Il voler nascondere il rischio di tale potenziale sfaldamento della coesione della UE sotto il tappeto del buon ordine dei conti pubblici tedeschi, che consente loro di affrontare il caro-bollette con un indebitamento straordinario che l’Italia, ad esempio, non si può permettere a causa del proprio disavanzo nel rapporto fra PIL e debito pubblico (allo stato, oltre il 150%), nasconde il pregiudizio ideologico di ritenere applicabile il primato europeo solo per imporre più adeguato «livello di protezione».

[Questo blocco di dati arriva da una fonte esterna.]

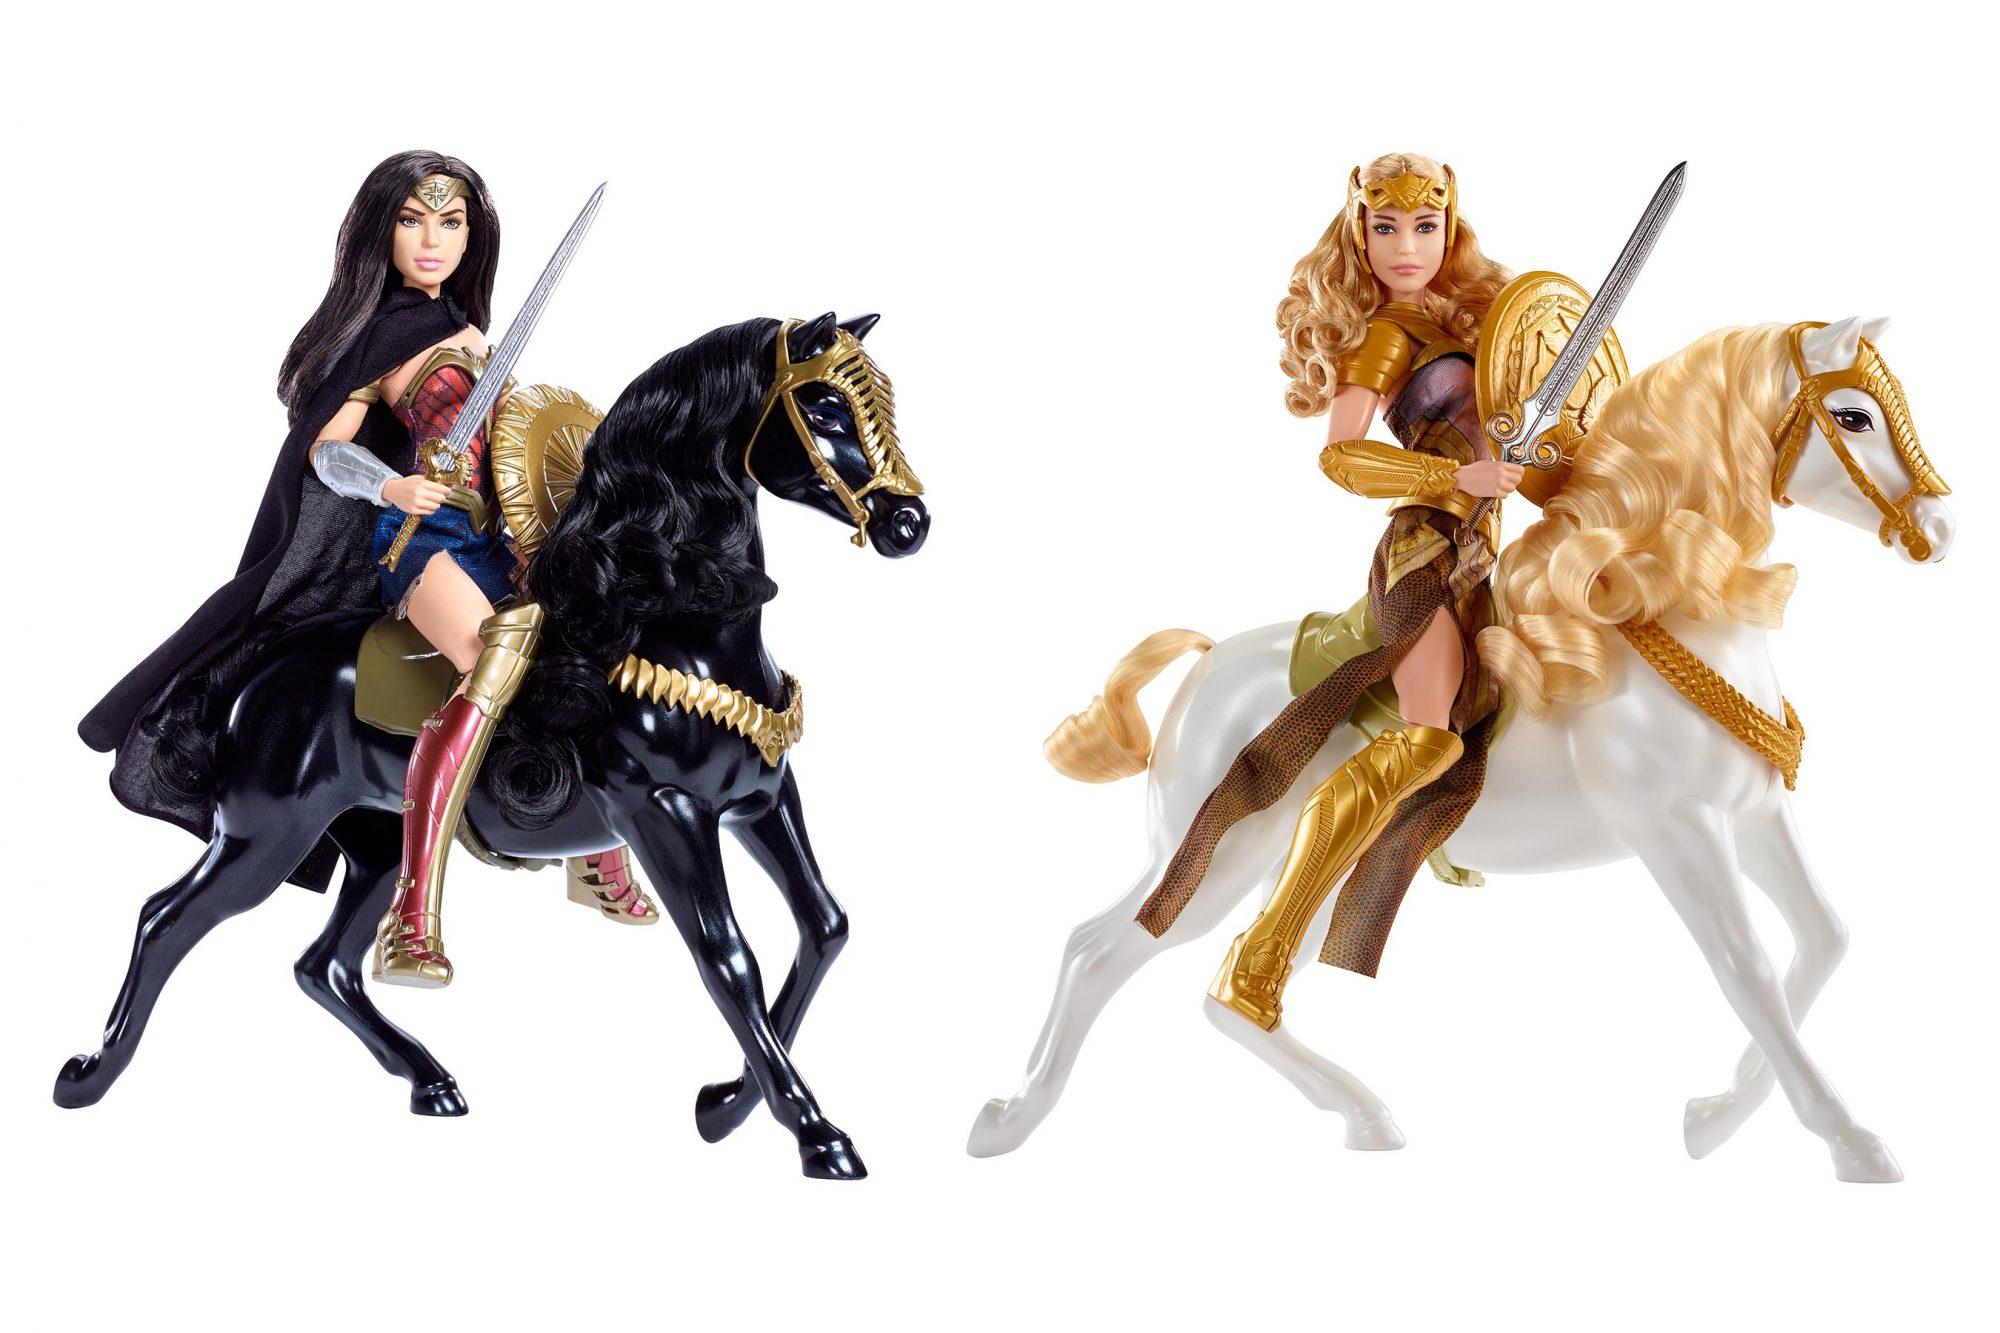 Wonder Woman Dolls CR: Mattel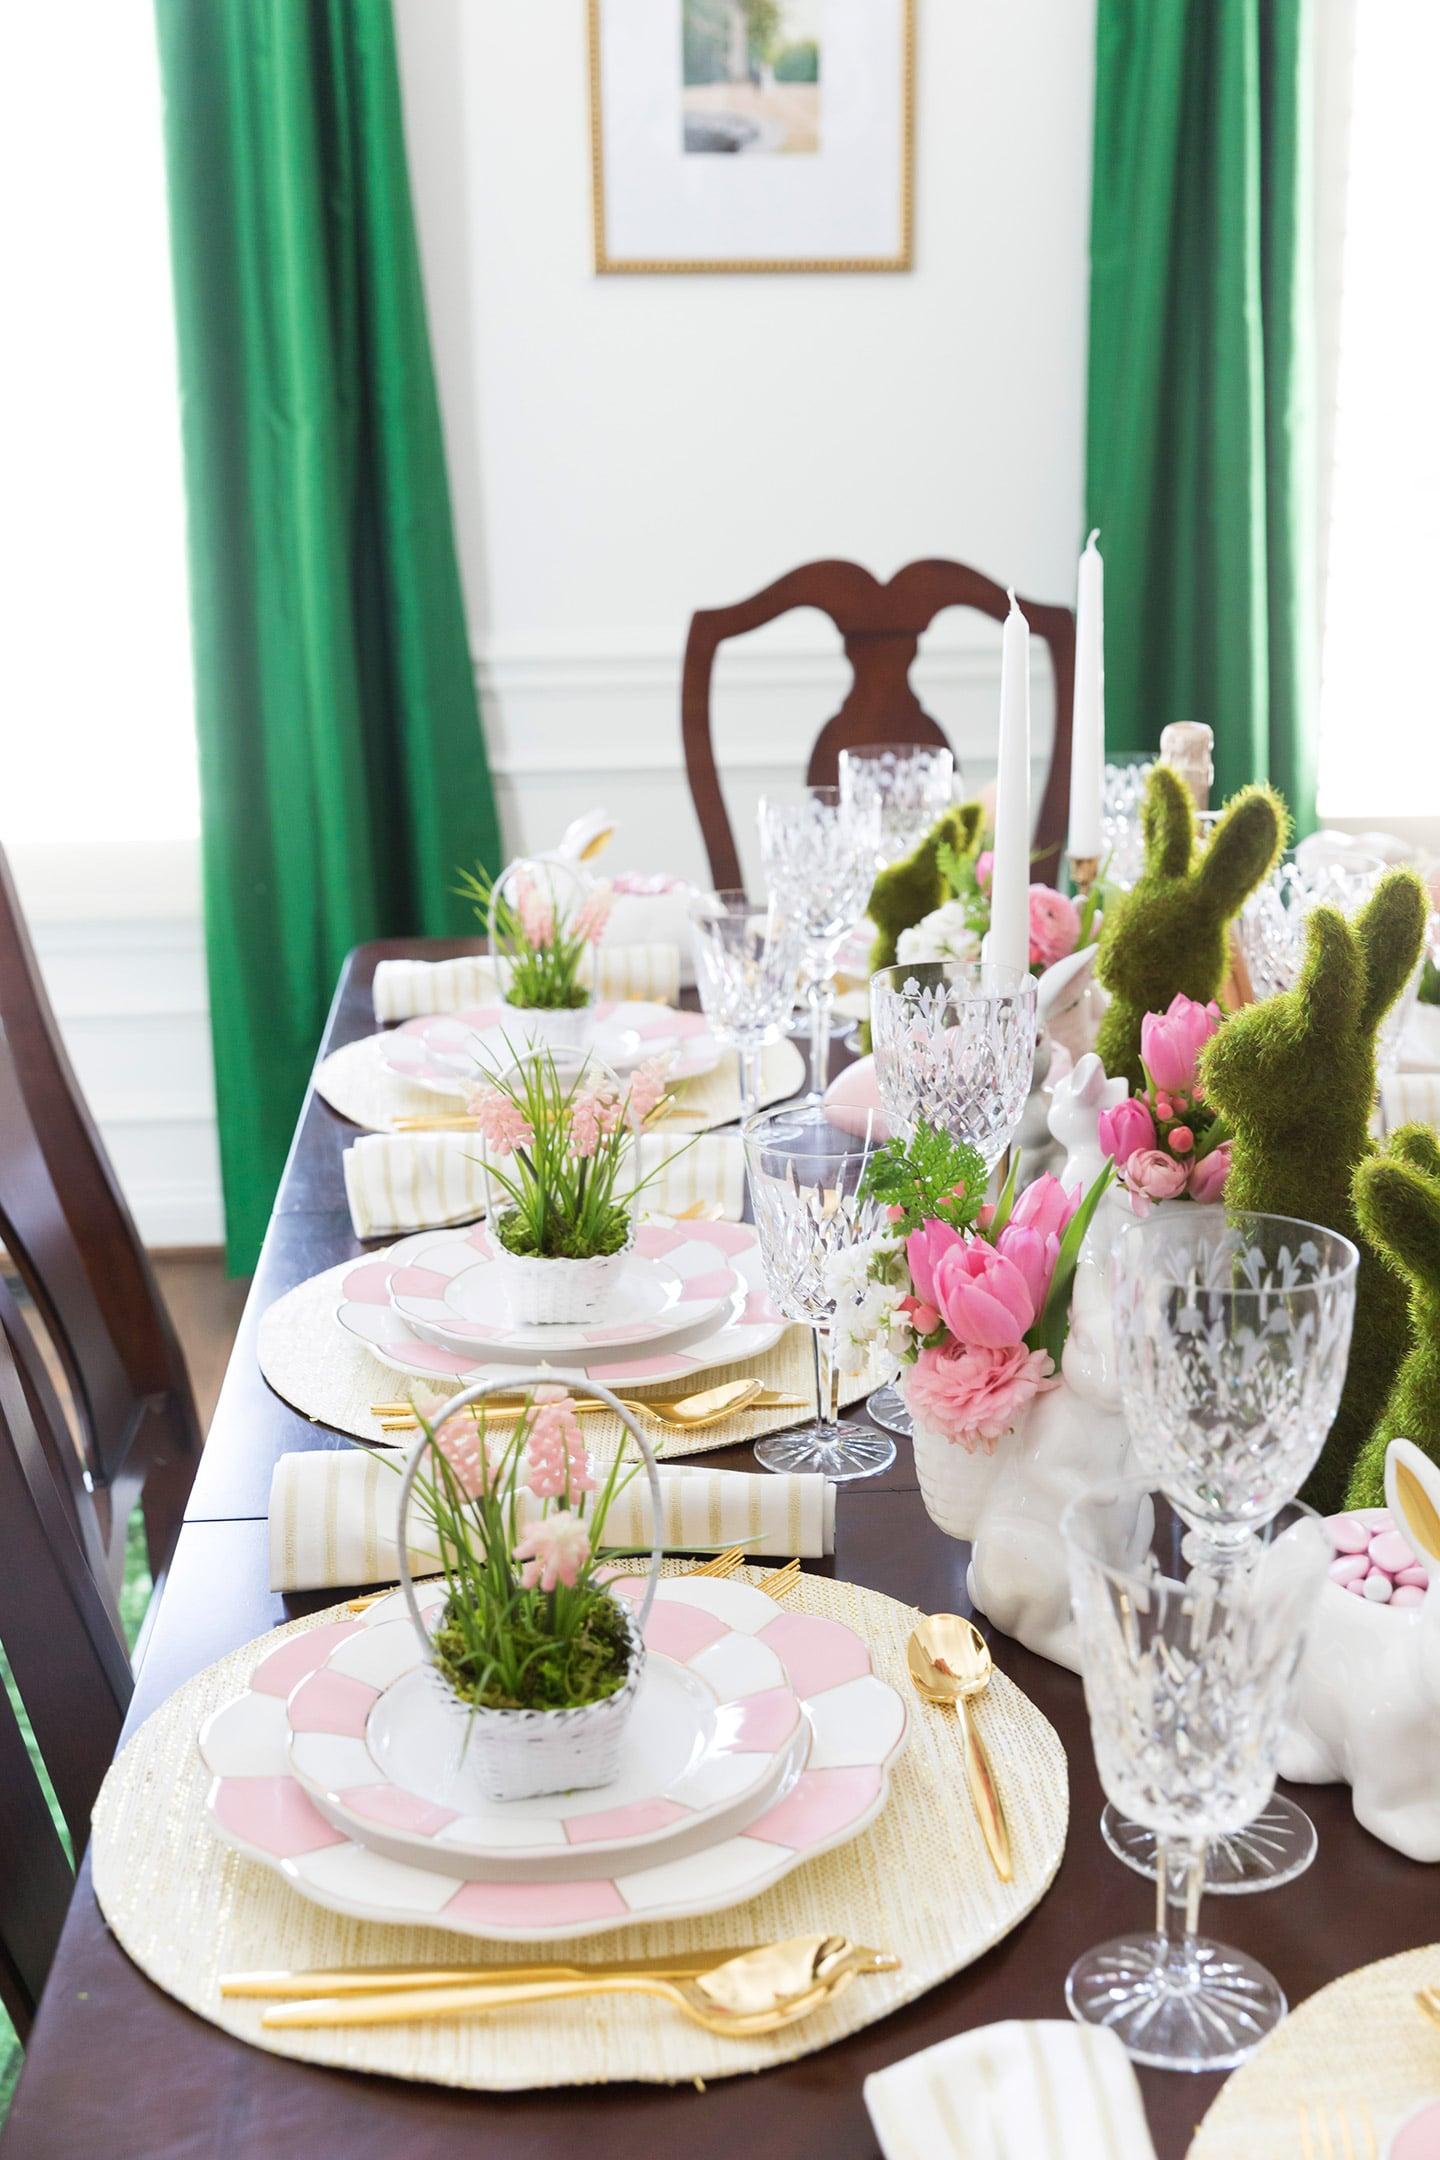 Set a gorgeous Easter Tablescape & Easter Table Decorations \u0026 Place Setting Ideas! | Pizzazzerie

«Chi stabilisce dove sta la maggiore protezione? Faccio tre esempi che riguardano sia il diritto italiano sia quello europeo: l’aborto, l’eutanasia e la condizione dei migranti. Per l’aborto deve pesare di più il diritto di autodeterminazione della donna o quello alla vita dell’embrione? Per l’eutanasia è più conforme alla dignità dell’individuo la libertà di decidere di porre fine alla propria vita nei casi estremi oppure la protezione del valore della vita in qualsiasi caso, fino a quando la morte non sopraggiunga da sé? Infine, per i migranti prevale il diritto all’accoglienza oppure i diritti dei cittadini a difendere “la casa propria”? Si capisce a prima vista che su questi temi è decisivo non quale sia il maggiore o minore livello di protezione, ma chi decide in proposito: l’Europa o lo Stato Nazionale. Tutti parlano di diritti, il linguaggio dei diritti è universale, ma la concezione di essi cambia a seconda dei governi e delle loro politiche. E noi, a questo riguardo, stiamo probabilmente per sperimentare un salto nel vuoto o, peggio, un salto nel buio», spiega ancora Zagrebelsky nell’intervista.
Il “buio” sarebbe quello del “popolo bue”, che ha “malamente” votato come propri rappresentanti uomini e donne non allineati alle manfrine progressiste di Bruxelles? Siamo sicuri che gli “euro-burocrati”, ovvero i giudici della Corte di Giustizia europea, siano di per sé più illuminati ed illuminanti al riguardo? E’ sovranismo pensare che, pur nel rispetto delle attribuzioni e competenze degli organi direttivi dell’Unione rispetto agli Stati membri, i Parlamenti nazionali debbano rimanere i rappresentanti esclusivi della volontà del popolo sovrano, specie in materia di vita o di morte?